Supplied entries:
*** Block opens ***
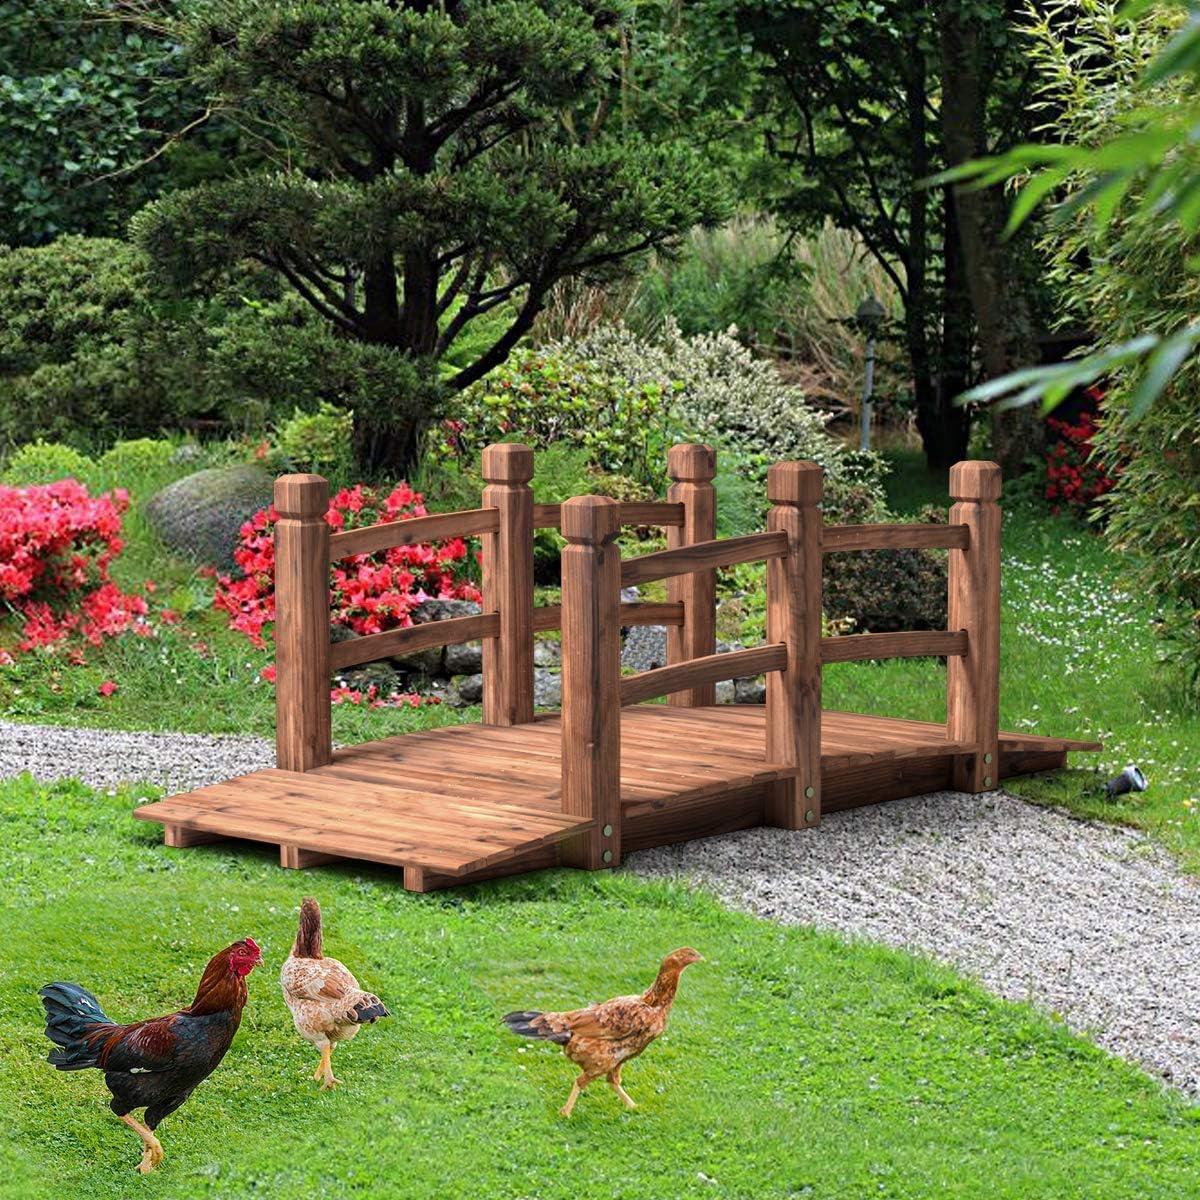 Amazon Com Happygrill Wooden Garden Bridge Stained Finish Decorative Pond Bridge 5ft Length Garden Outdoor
*** Block closes ***
*** Block opens ***
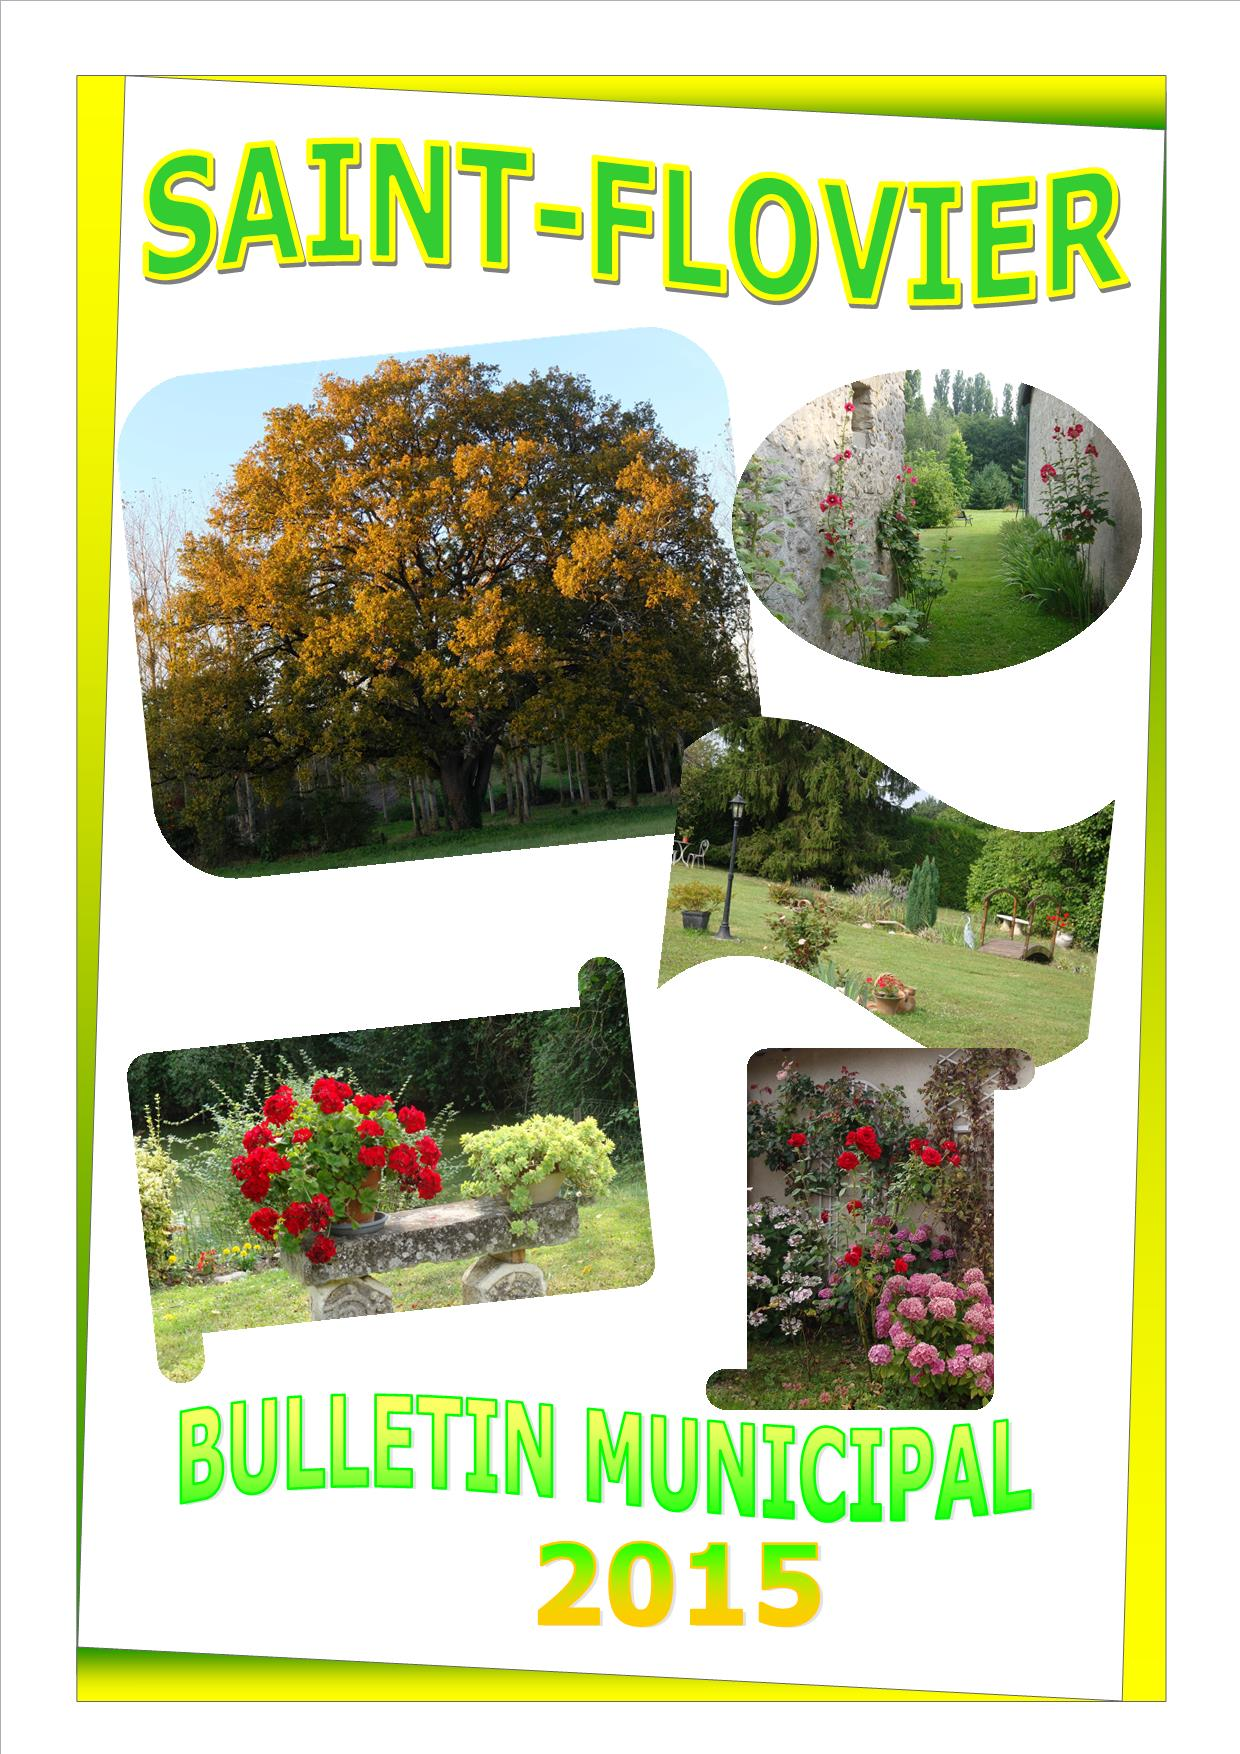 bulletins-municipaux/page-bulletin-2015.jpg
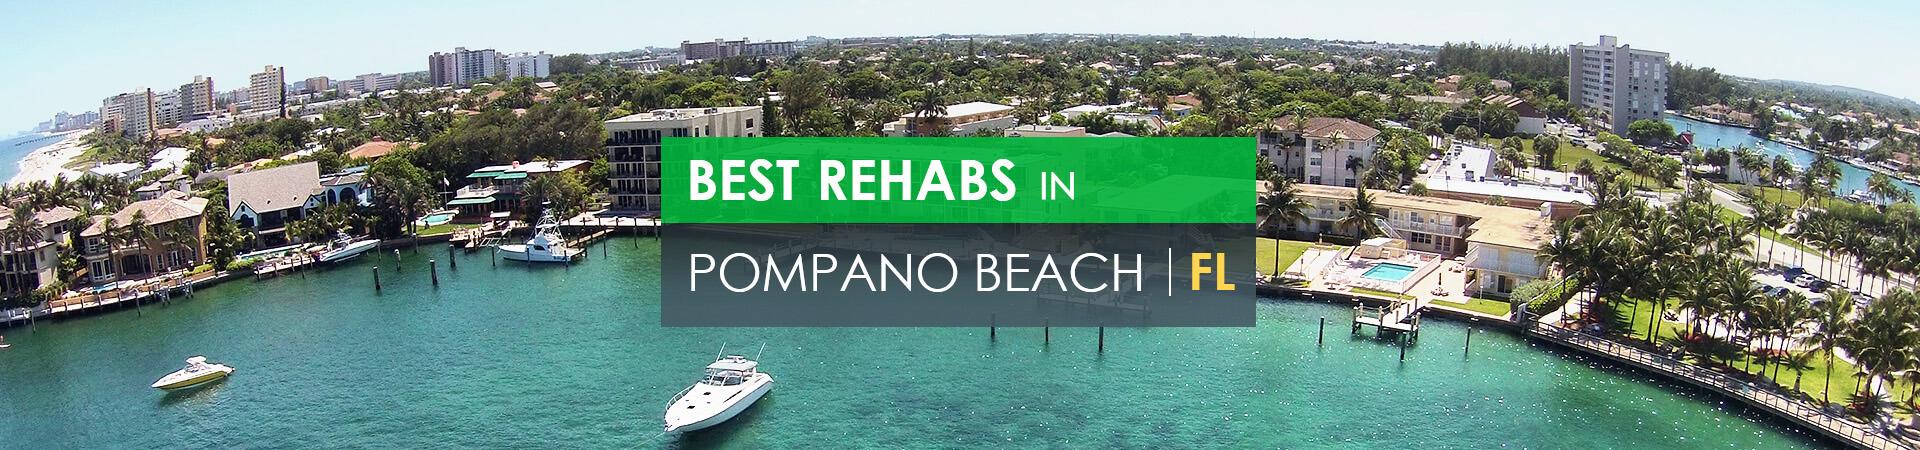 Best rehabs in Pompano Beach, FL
*** Block closes ***
Problem description:
Going by the data above, the answer is exactly the lines from the one holding "bulletins-municipaux/page-bulletin-2015.jpg" to the one holding "Best rehabs in Pompano Beach, FL", both kept, with the pictures left out.

Completed task:
 bulletins-municipaux/page-bulletin-2015.jpg
 Best rehabs in Pompano Beach, FL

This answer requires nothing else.